For this project I will be using Python 3.7 and pipenv as my virtual environment.

MongoDB

Install MongoDB on your machine or VPS, or use a free hosted cluster.

On Mac, simply use brew to install the database.

 brew tap mongodb/brew
 brew install mongodb-community@4.2

I went with Atlas and tried one of the free clusters they offer.

After selecting the region and the name, simply click on create and wait for the cluster to be ready.

3 minutes later the cluster will be ready.

Go to Security -> Database Access and create a new Database User and give Admin or Read and Write access to the database. As an optional safety guard it is smart to enable the IP whitelist and add your own IP to the list to make sure no other IPs can access your database.

Finally go back to the Clusters overview and click on Connect. Choose the appropiate connection mechanism for your application.

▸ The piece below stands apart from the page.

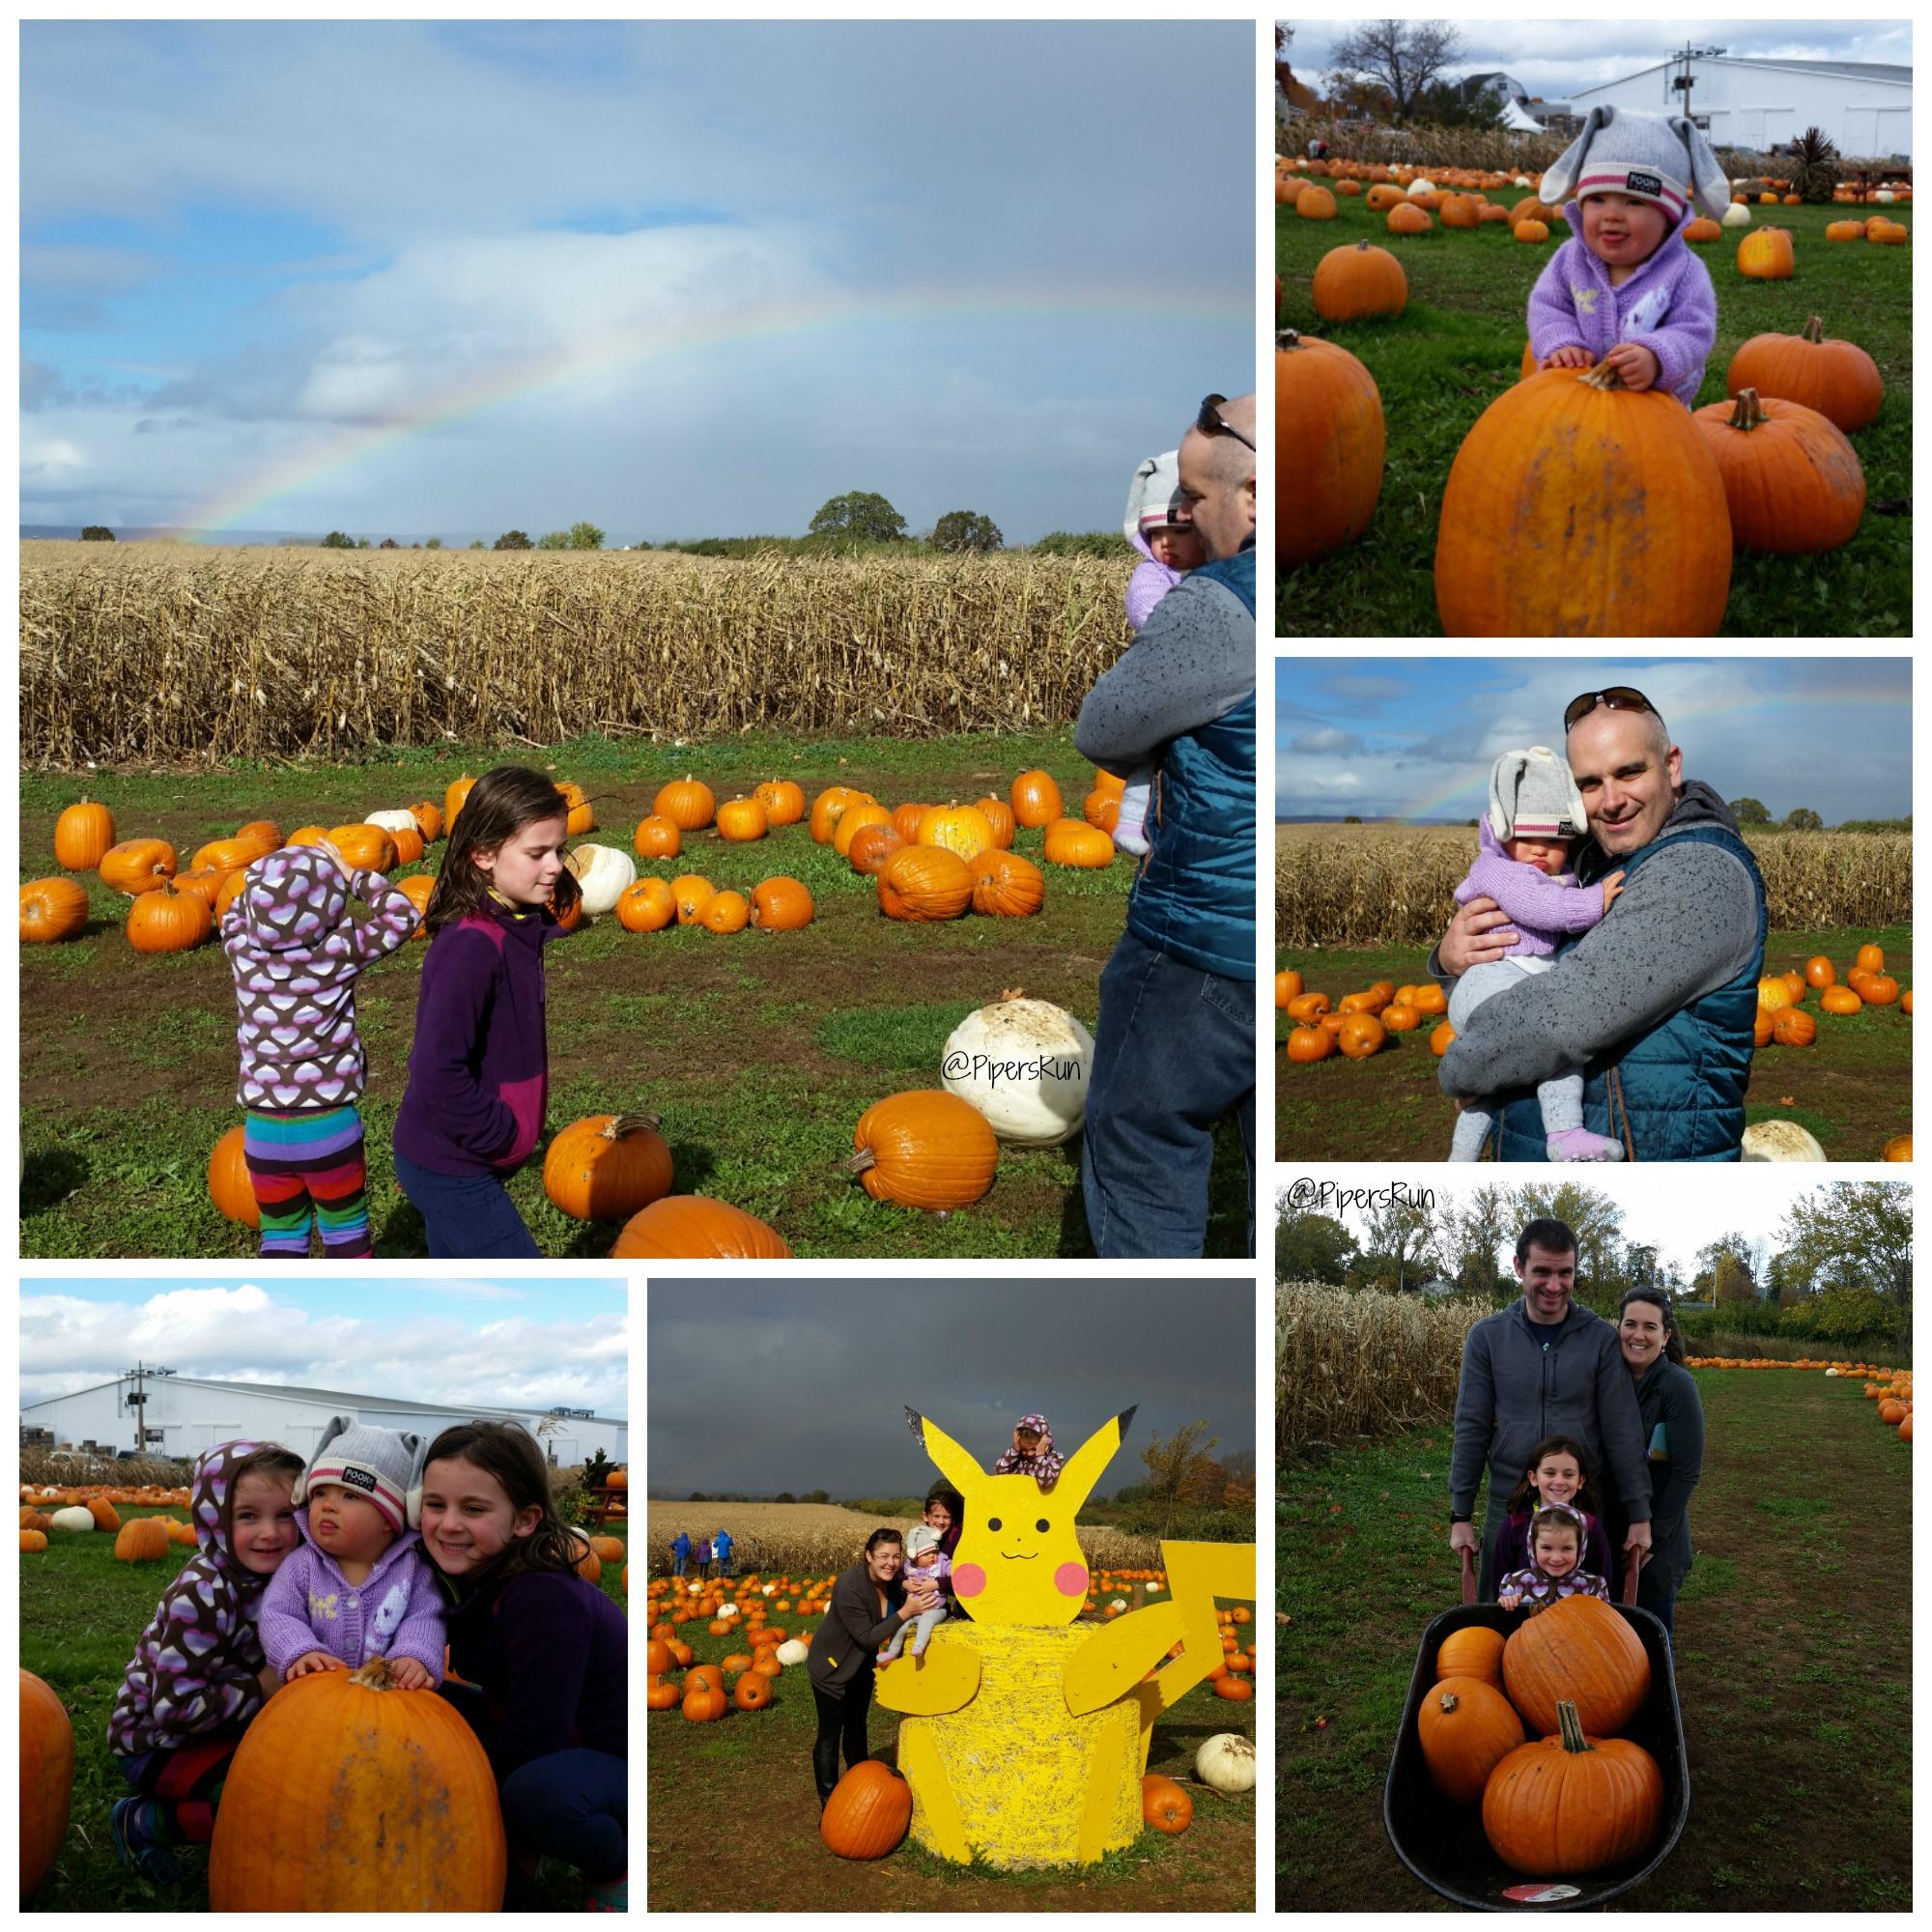 pr-pumpkin-picking-2016

In my case this will be with Python 3.7. This should give you enough information to get started with MongoDB!

[Optional] MongoDB Compass

To visualize your MongoDB instance download MongoDB Compass from their website. Use the connection string from the previous step if you want to connect to the hosted cluster directly.

Once you have connected to the database the page will show your cluster, the hosts and the available data. Since we have not added anything yet it will show the default admin and local databases.

Creating the dataset

As a dataset I will be using information from https://www.mariowiki.com/. More specifcally I will be crawling data from Super Mario 1 levels from https://www.mariowiki.com/Category:Super_Mario_Bros._Levels. Each page with the level details has a table containing the Enemies and the Level statistics.

I will just show the reduced version of the script here, but the whole script is availabe in my Github repo. The script will run through the links on the website and retrieves meta data, the description, enemies and the statistics. The files are stored in a JSON file.

def get_all_tables():
    """ Retrieve all the tables """
    tree = get_lxml_tree_from_url(SMB_LEVEL_URL)
    for elem in tree.cssselect('#mw-pages a'):
        url = f"{BASE_URL}{elem.get('href')}"
        print(f"Crawling data for `{url}`")
        if 'Minus' not in url:
            subtree = get_lxml_tree_from_url(url)
            yield {
                'table_data': _get_table_data(subtree),
                'description': _get_description(subtree),
                'enemies': _get_enemies(subtree),
                'statistics': _get_level_statistics(subtree),
            }

def main():
    """ Main function """
    df = pd.DataFrame.from_dict(get_all_tables())
    print(f"Found {len(df)} results")
    df.to_json('smb.json', orient='records')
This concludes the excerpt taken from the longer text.